Task goal =>
Copy the listing in full and exactly, omitting its images.

Given data =>
>>>>

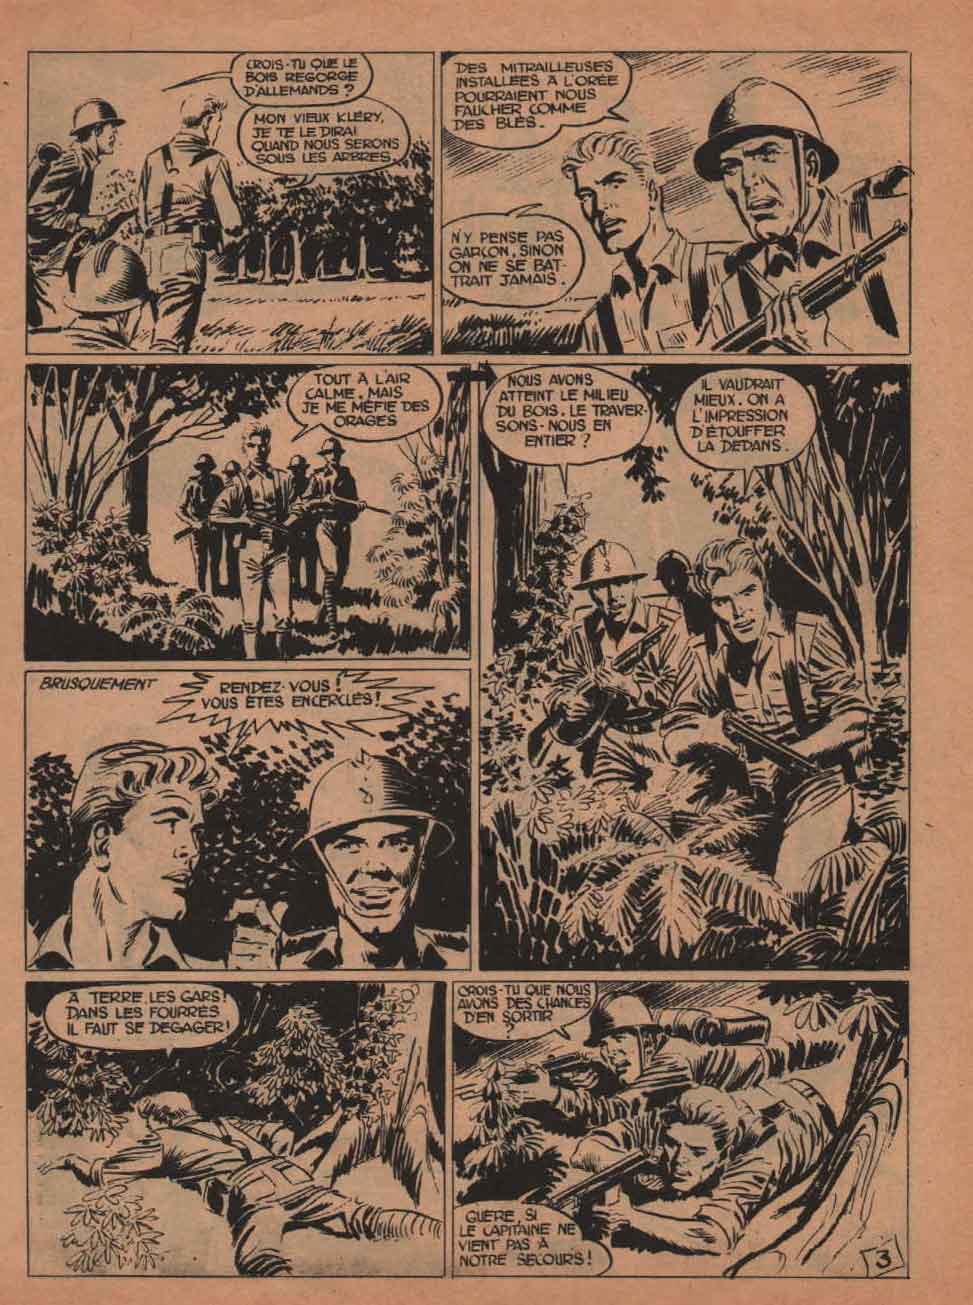 « Tomic » avec Pierre Le Guen : Témaraire n° 31 (04/1960).
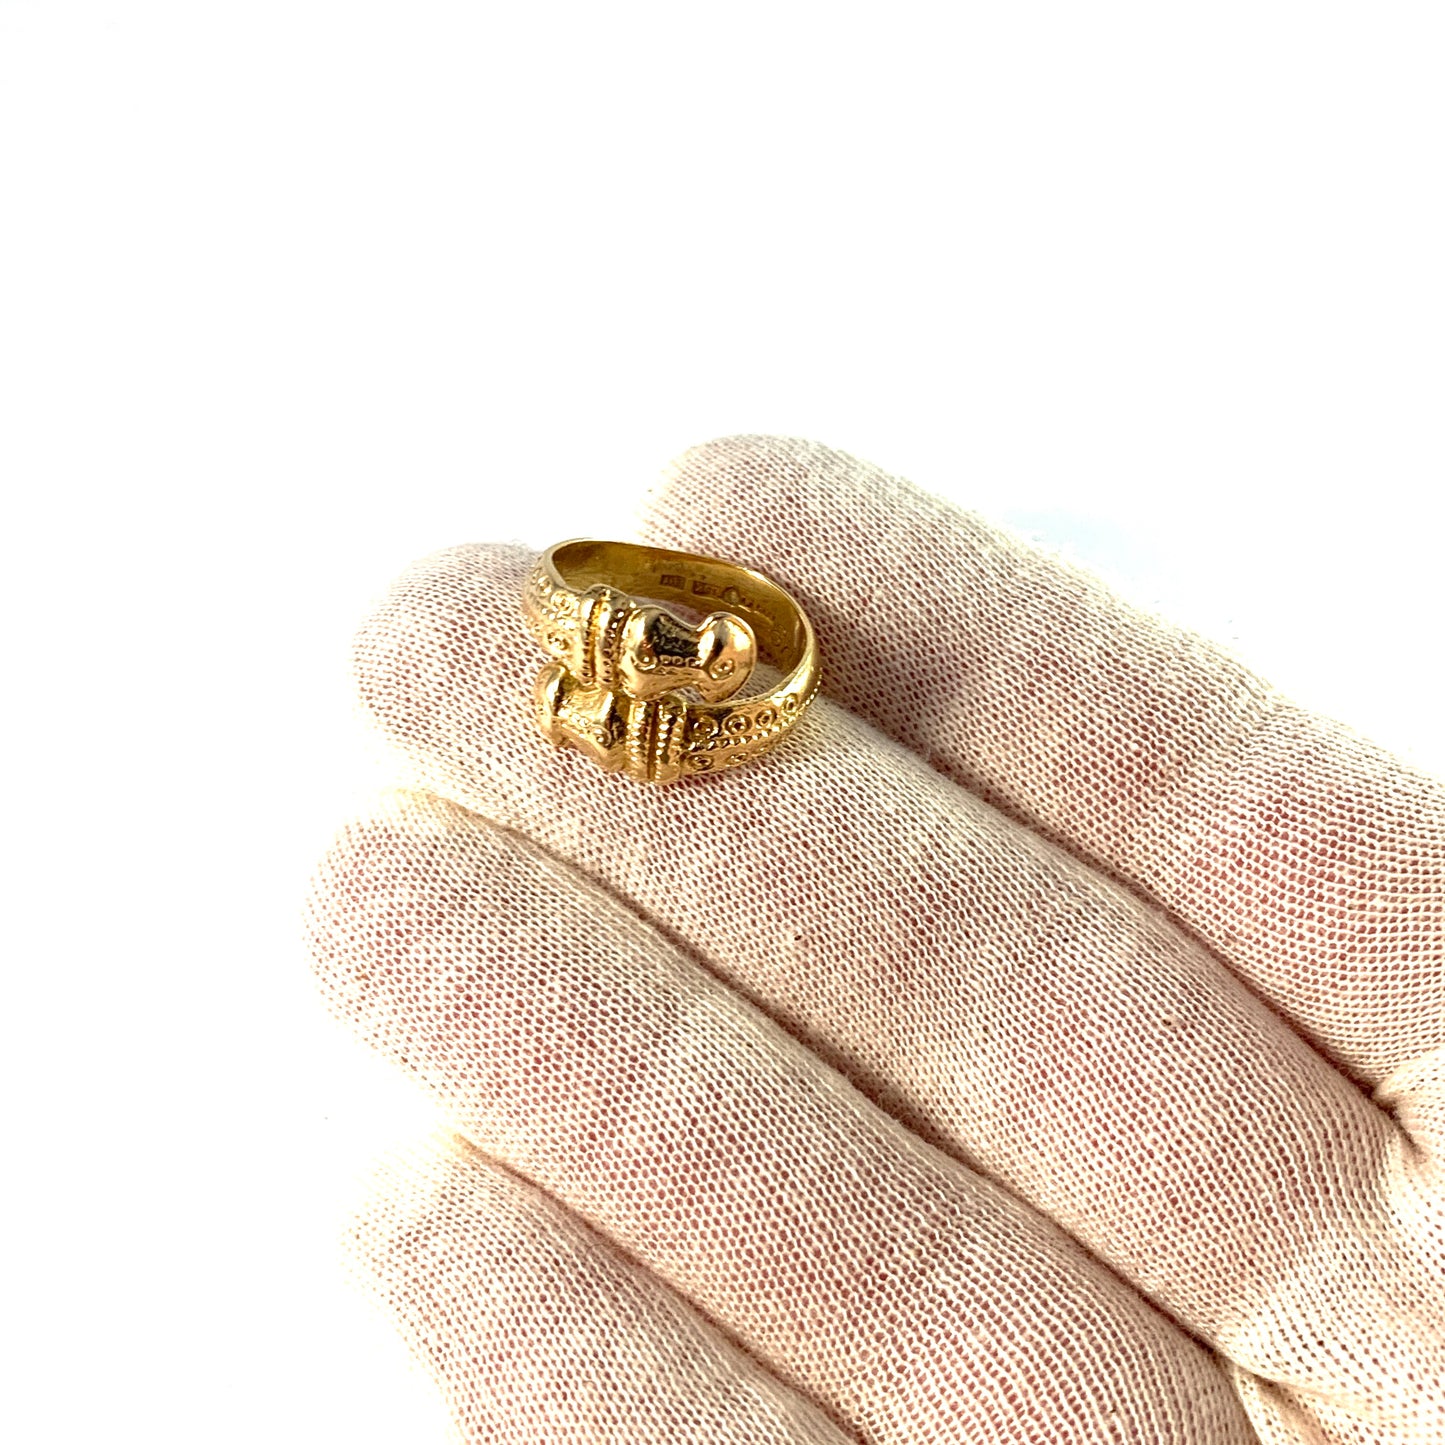 Bengt Hallberg, Sweden. Vintage Viking Copy 18k Gold Ring.
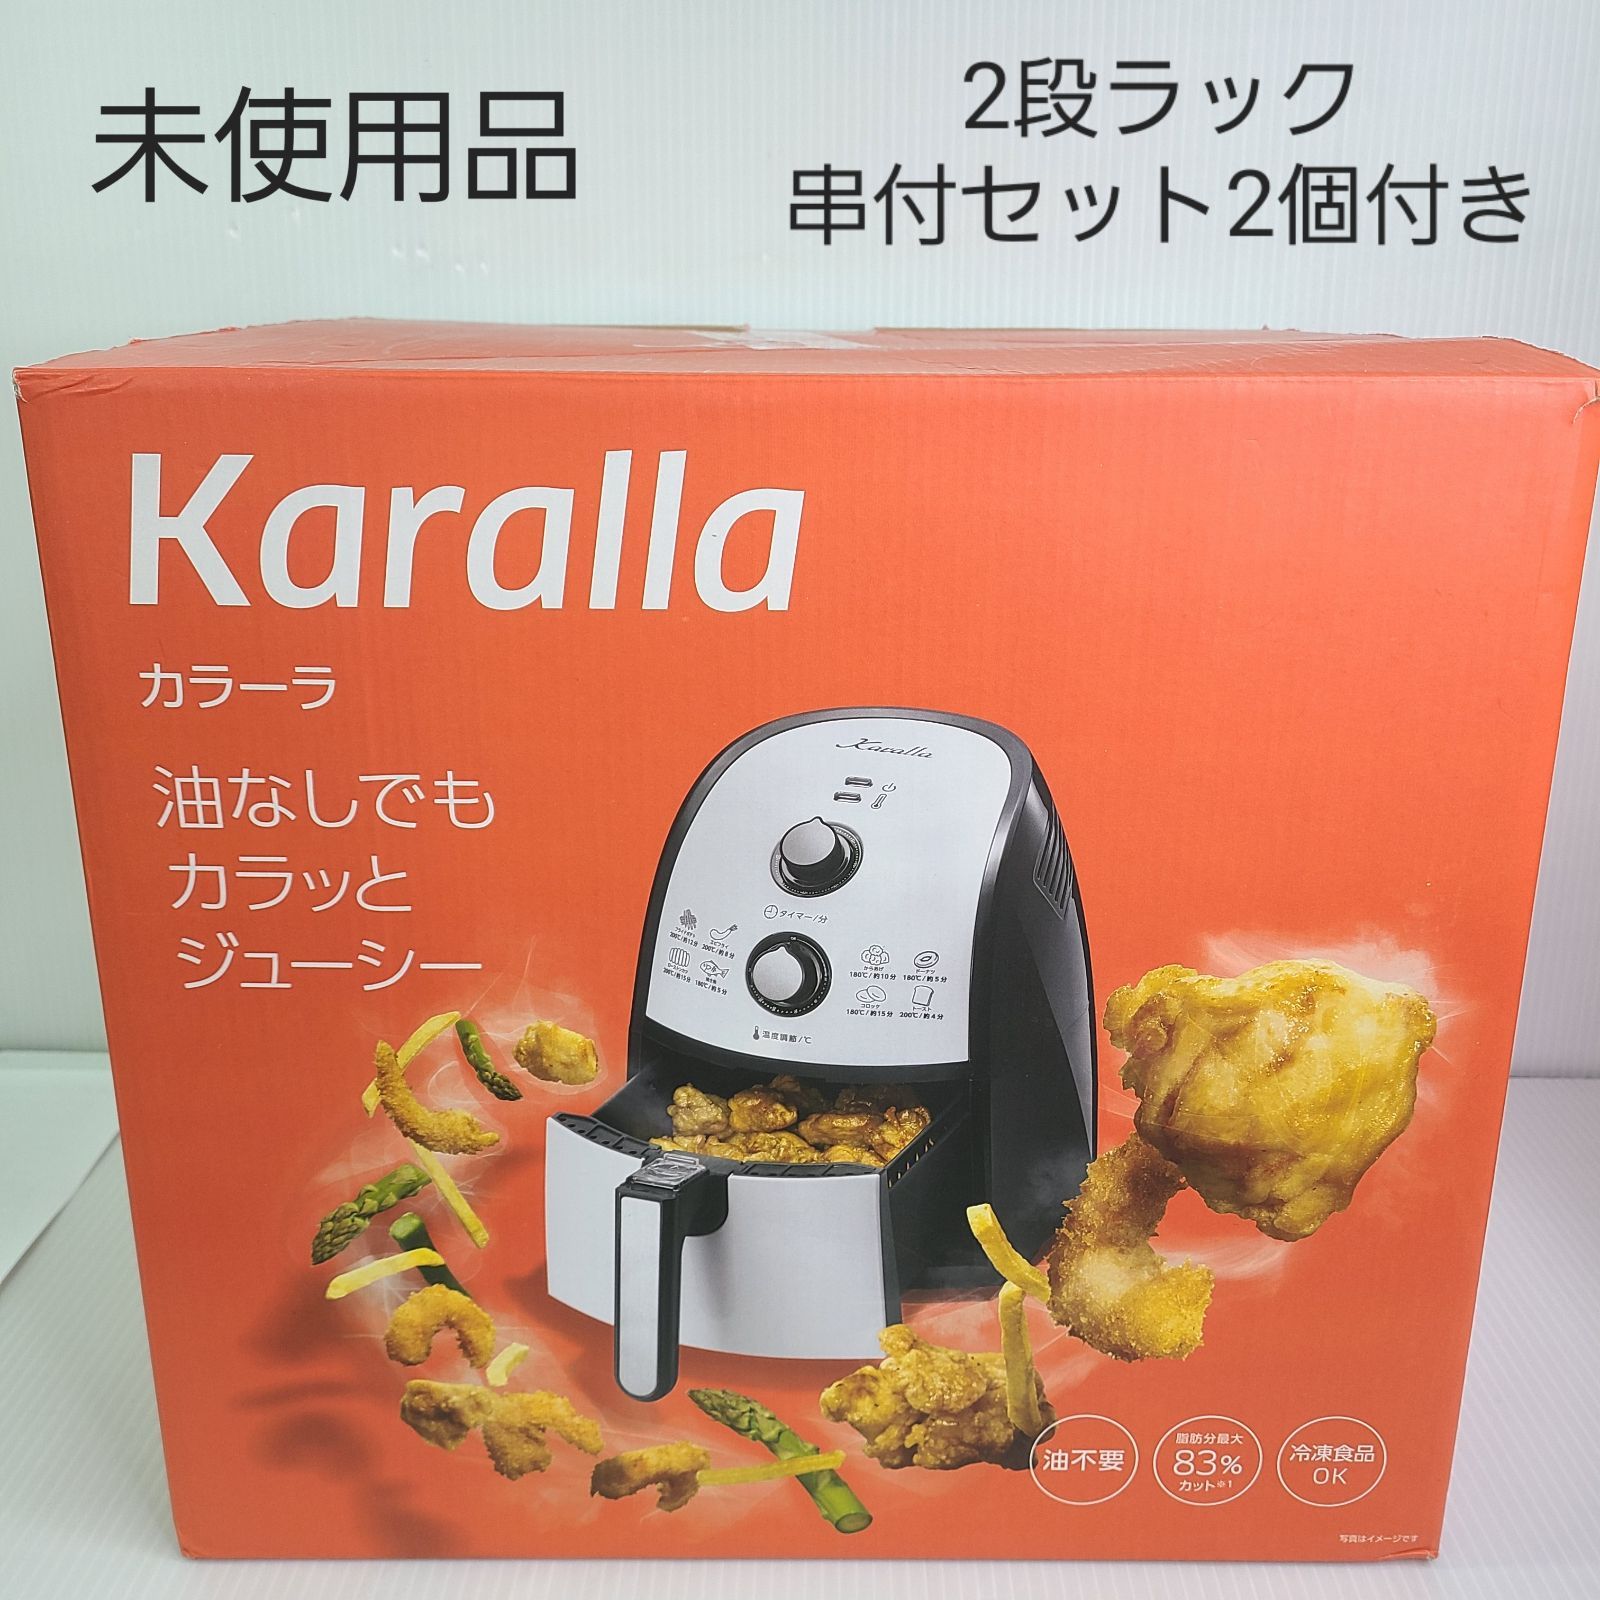 カラーラ - キッチン家電

<<<<

Worked solution =>
 « Tomic » avec Pierre Le Guen : Témaraire n° 31 (04/1960).
 Bengt Hallberg, Sweden. Vintage Viking Copy 18k Gold Ring.
 カラーラ - キッチン家電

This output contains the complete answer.